Got him back yesterday.


----------



## Rick Acker

Is that a North Dakota Redhead or did you shoot him down south...He has very good colors if it is a N.D. bird...Not very common for the black on the neck to be that full...Nice!


----------



## 4CurlRedleg

NoDak.


----------



## DeltaBoy

Another nice bird - Congrats! 4Curl, your walls must be getting full these days.


----------



## 4CurlRedleg

Yeah, I'll be moving everything out to the shop.
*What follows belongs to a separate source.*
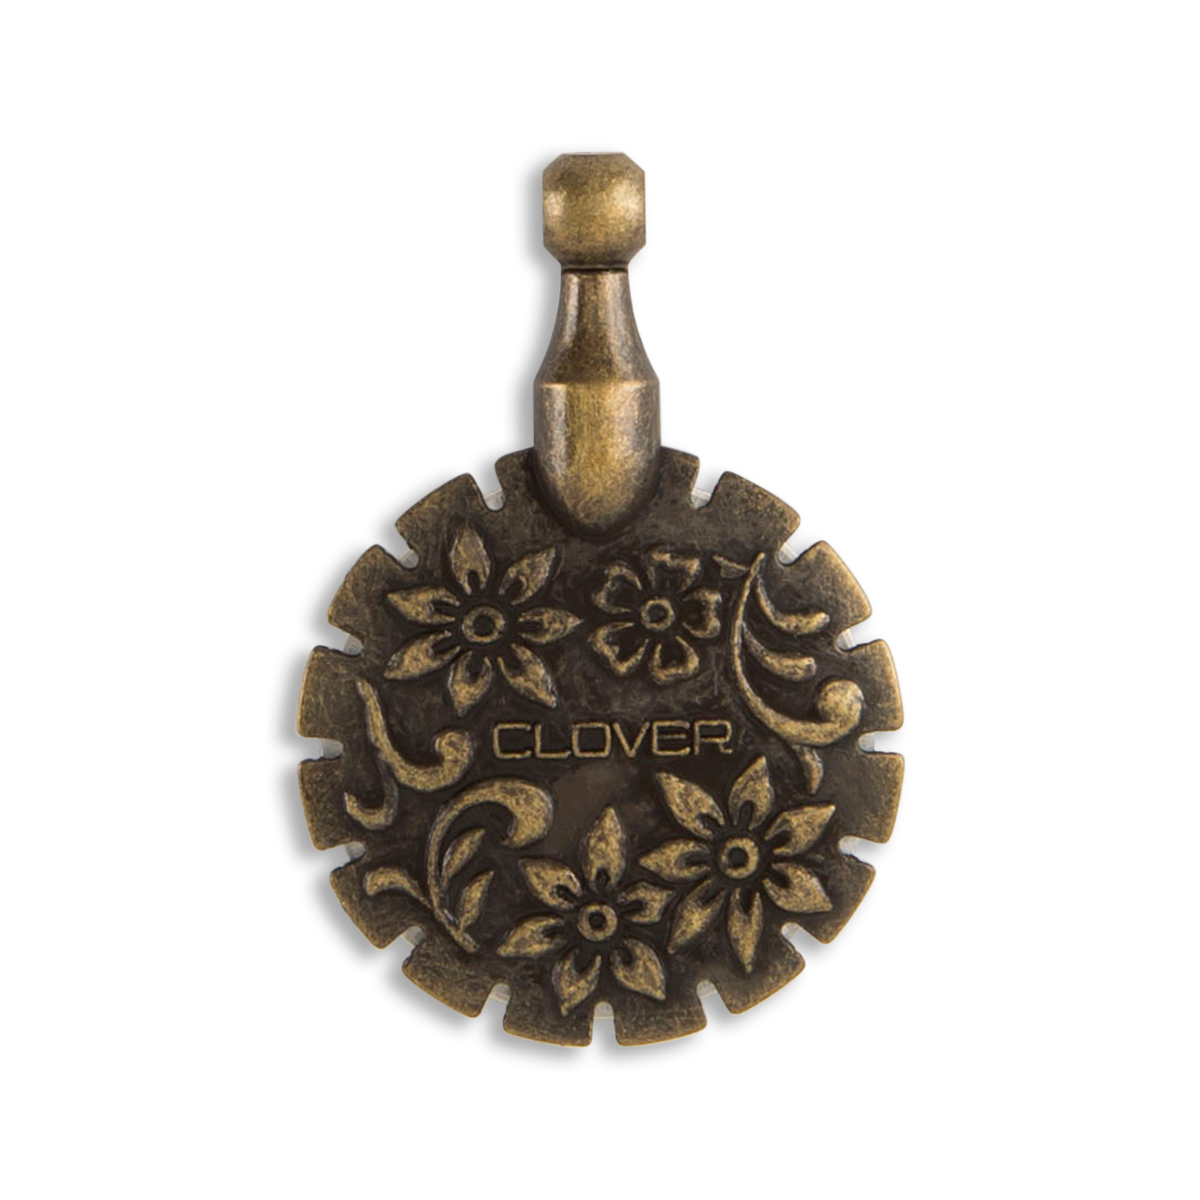 Clover Thread Cutter Pendant - Antique Gold - WAWAK Sewing Supplies

When the wife finds out about these last 3 I'll be sleeping there anyway. :lol:


----------



## greenheadfallon

Hey 4curl i have always wished to get a redhead that is in that good of plumage. :beer:


----------



## Bob Kellam

Don't worry 4Curl

When you get to be my age you quite often prefer hanging out with dead birds instead of a wife 

:lol: She just looked over my shoulder and clocked me. :lol:

Bob


----------



## Rick Acker

I'm putting together a Redhead for a guy this weekend...That might be as nice color wise as that one...I'll post it up when I get r done...


----------



## bullocklabradors

Since we are on the topic of Redheads here is my latest mount (Redhead Trio).

Take Care,

Travis R. Bullock


----------



## 4CurlRedleg

Nice stuff Travis. :thumb:


----------



## WingedShooter7

awesome mounts!


----------



## buckseye

dang I like that stuff , nice mounts, realistic postures just great


----------



## greenheadfallon

Hey Travis :thumb: :thumb: :thumb:


----------



## bullocklabradors

Thanks for the kind words!

Take Care,

Travis R. Bullock


----------



## Rick Acker

Travis...You are a bird mounting Machine...Are these all for yourself or are you doing birds for customers yet?


----------



## bullocklabradors

These are all my birds except I did one pintail drake for a friend and I have another pinnie skinned that I am doing for my dad. I am mounting a sage grouse right now I will post pics after I complete it.

Take Care,

Travis R. Bullock


----------



## Rick Acker

I hope you got a big house!


----------



## bullocklabradors

NOT BIG ENOUGH! My goal is to have a pair or trio of every North American Waterfowl and Upland Game Bird mounted. I would fill up all 3,000 sq. feet if it were up to me. But I don't think the wife would appreciate that very much it would crowd out her decor! My office is full and I do have some mounts hanging in the vault in the family room. But I need to finish the family room in the basement so I can line the walls with mounts down there. We still have some room in the cabin but not much my dad has all of his mounts up there.

Take Care,

Travis R. Bullock


----------